Fourier-RNNs for Modelling Noisy Physics Data
- URL: http://arxiv.org/abs/2302.06534v1
- Date: Mon, 13 Feb 2023 17:22:07 GMT
- Title: Fourier-RNNs for Modelling Noisy Physics Data
- Authors: Vignesh Gopakumar, Stanislas Pamela, Lorenzo Zanisi
- Abstract summary: We propose a novel sequential model built to handle Physics relevant data by way of amalgamating the conventional RNN architecture with that of the Fourier Neural Operators (FNO)
While the Fourier-RNN performs identical to the FNO when handling PDE data, it outperforms the FNO and the conventional RNN when deployed in modelling noisy, non-Markovian data.
- Score: 0.0
- License: http://creativecommons.org/licenses/by/4.0/
- Abstract: Classical sequential models employed in time-series prediction rely on
learning the mappings from the past to the future instances by way of a hidden
state. The Hidden states characterise the historical information and encode the
required temporal dependencies. However, most existing sequential models
operate within finite-dimensional Euclidean spaces which offer limited
functionality when employed in modelling physics relevant data. Alternatively
recent work with neural operator learning within the Fourier space has shown
efficient strategies for parameterising Partial Differential Equations (PDE).
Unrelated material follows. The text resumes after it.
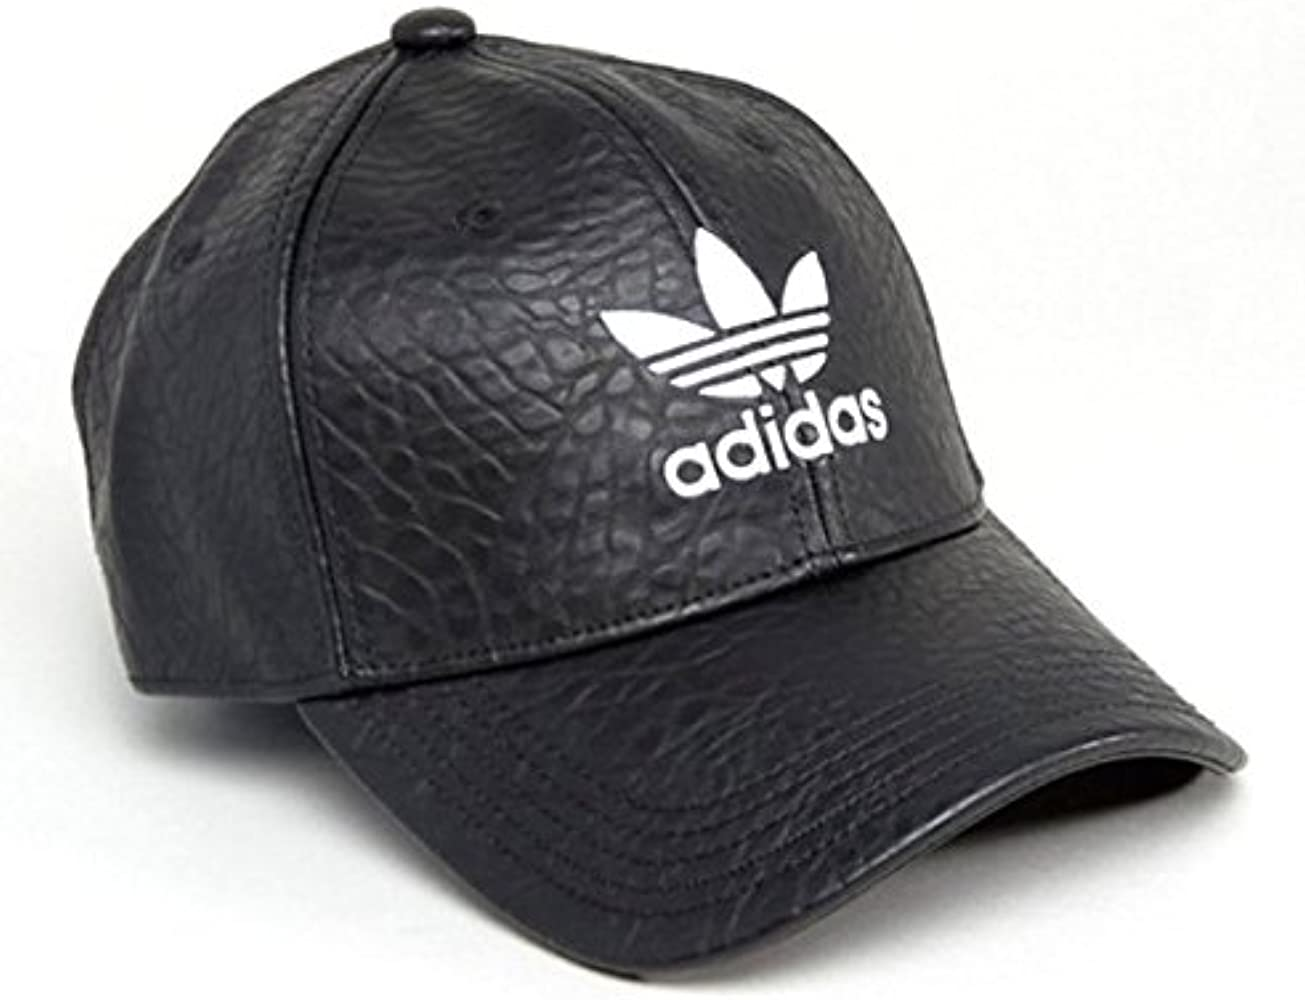 c5a3c73915109 アディダス]Adidas Originals オリジナルス Leather クラックレザー トレフォイル ロゴ キャップ 帽子 メンズ レディース
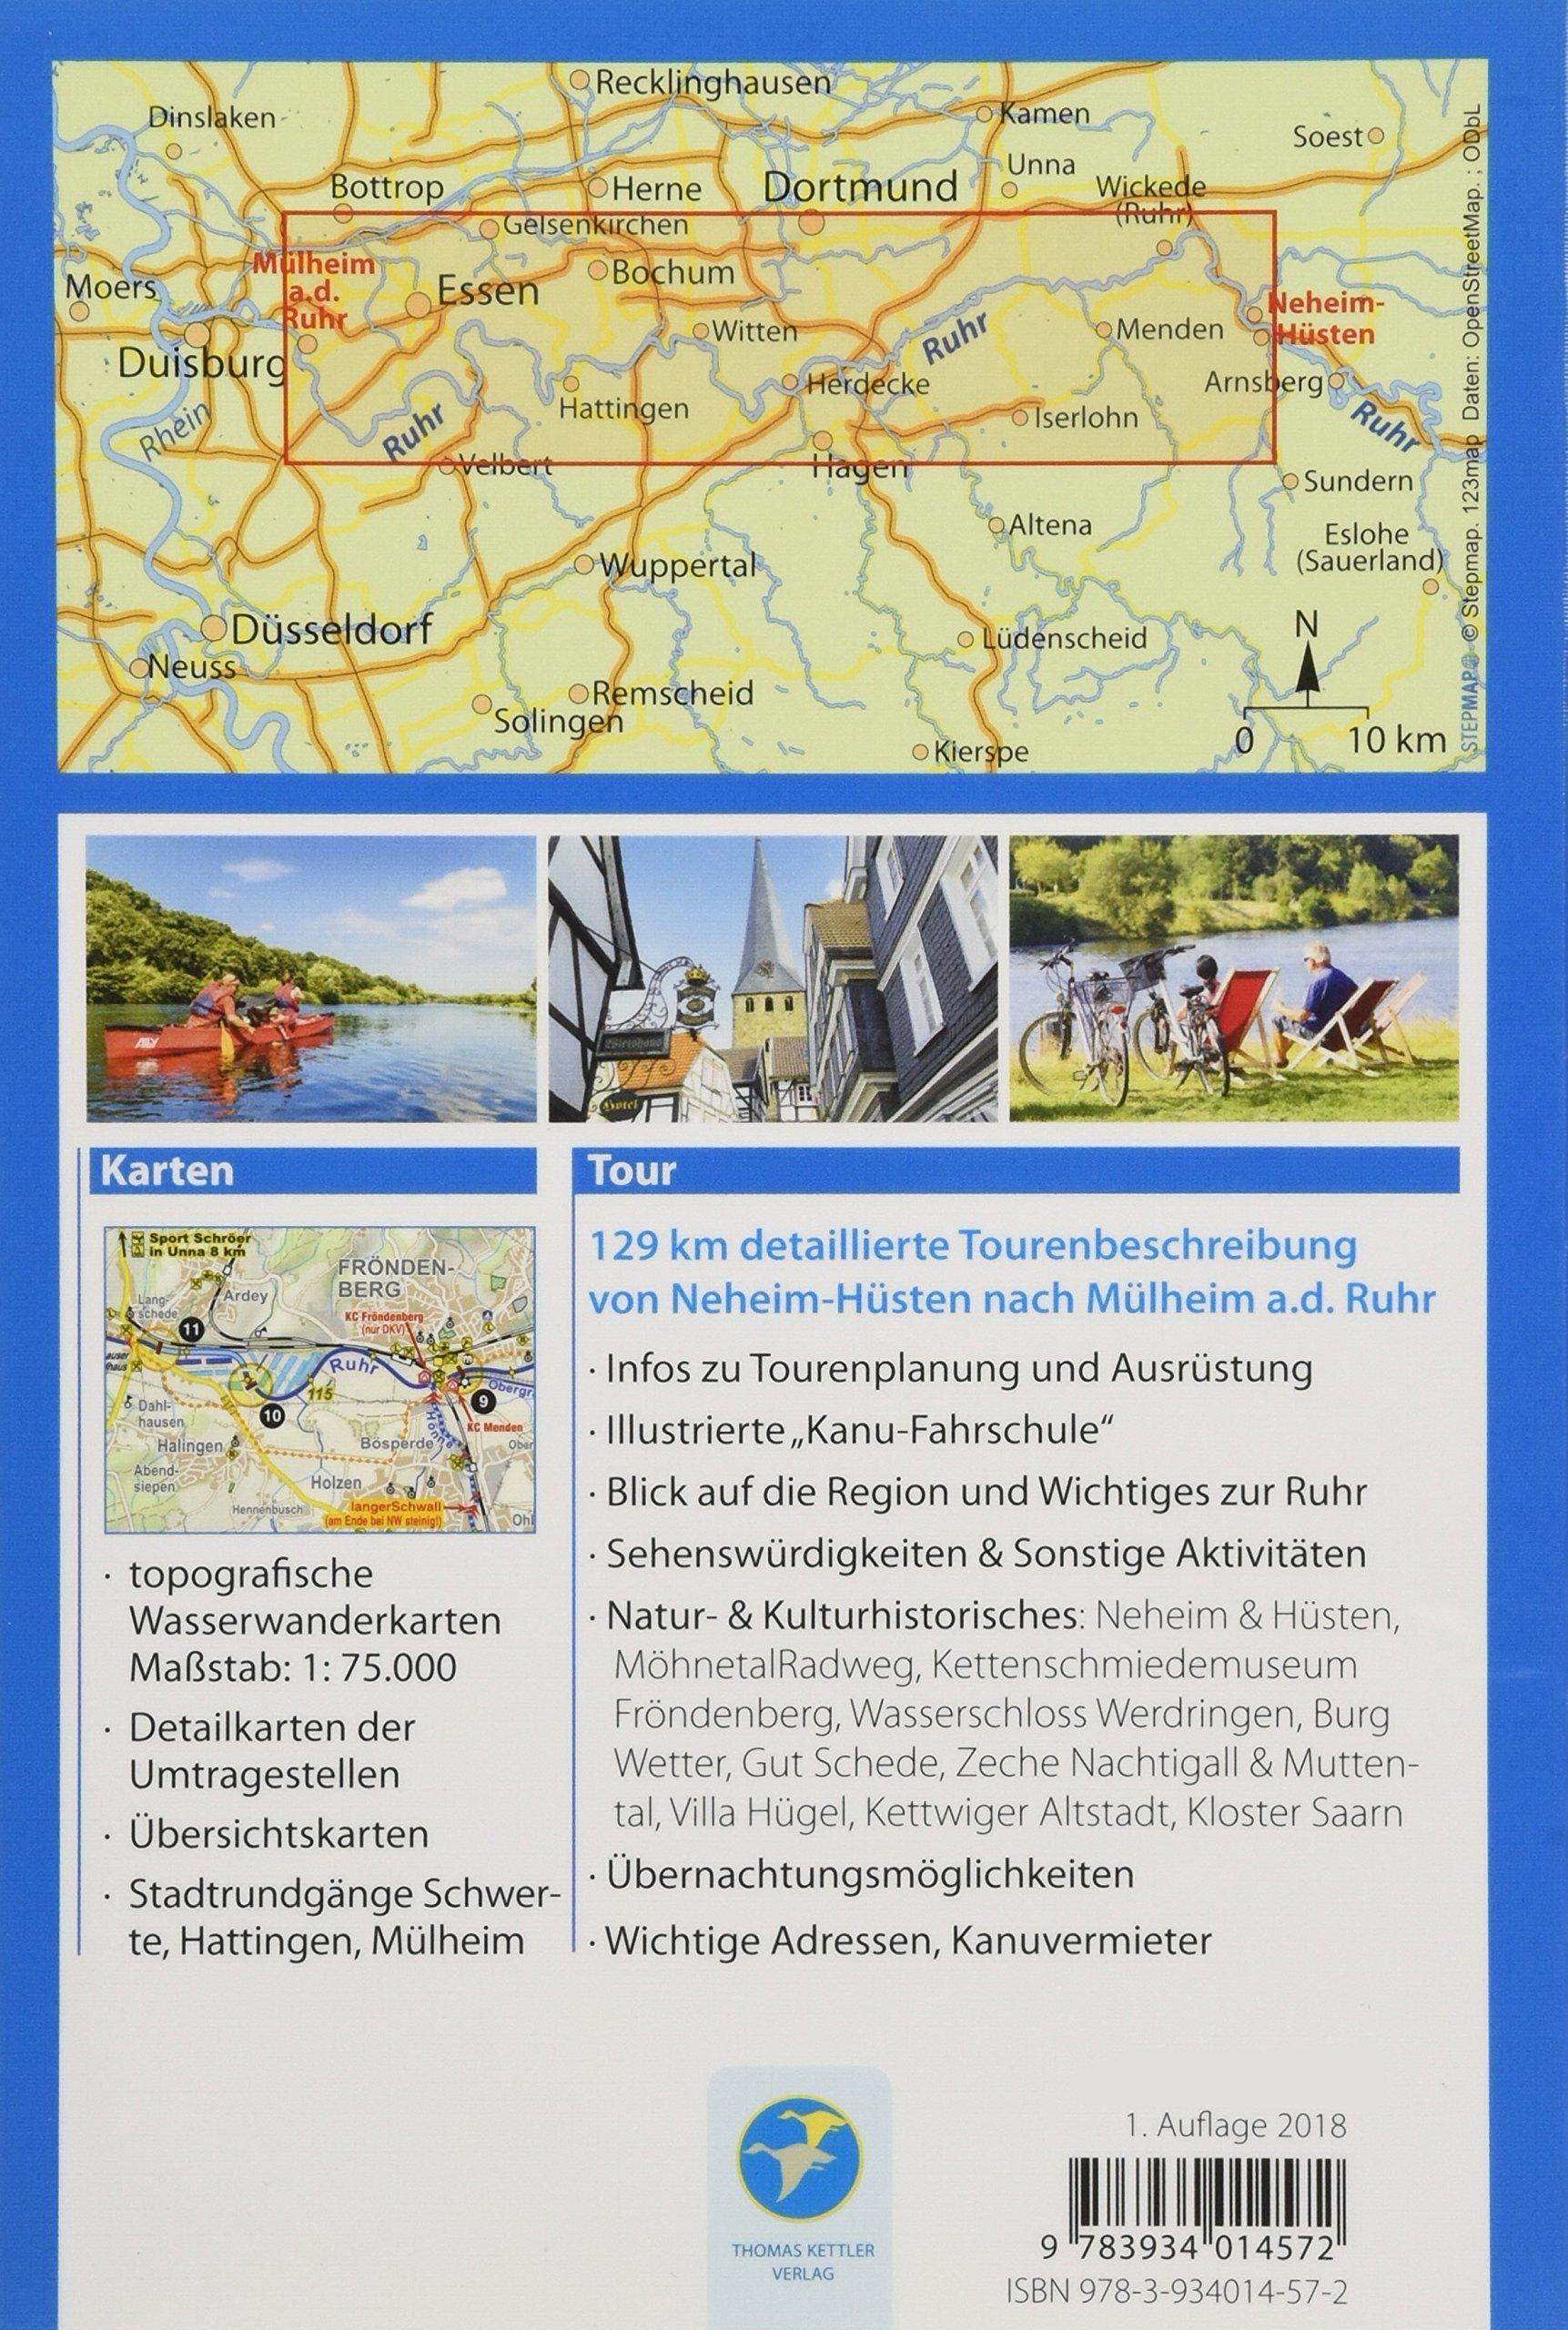 Kanu Kompakt Ruhr  Die Ruhr von Neheim-Hüsten nach Mülheim a.d. Ruhr mit  topografischen Wasserwanderkarten  Amazon.de  Michael Hennemann  Bücher df6cb894b4

In this work, we propose a novel sequential model, built to handle Physics
relevant data by way of amalgamating the conventional RNN architecture with
that of the Fourier Neural Operators (FNO). The Fourier-RNN allows for learning
the mappings from the input to the output as well as to the hidden state within
the Fourier space associated with the temporal data. While the Fourier-RNN
performs identical to the FNO when handling PDE data, it outperforms the FNO
and the conventional RNN when deployed in modelling noisy, non-Markovian data.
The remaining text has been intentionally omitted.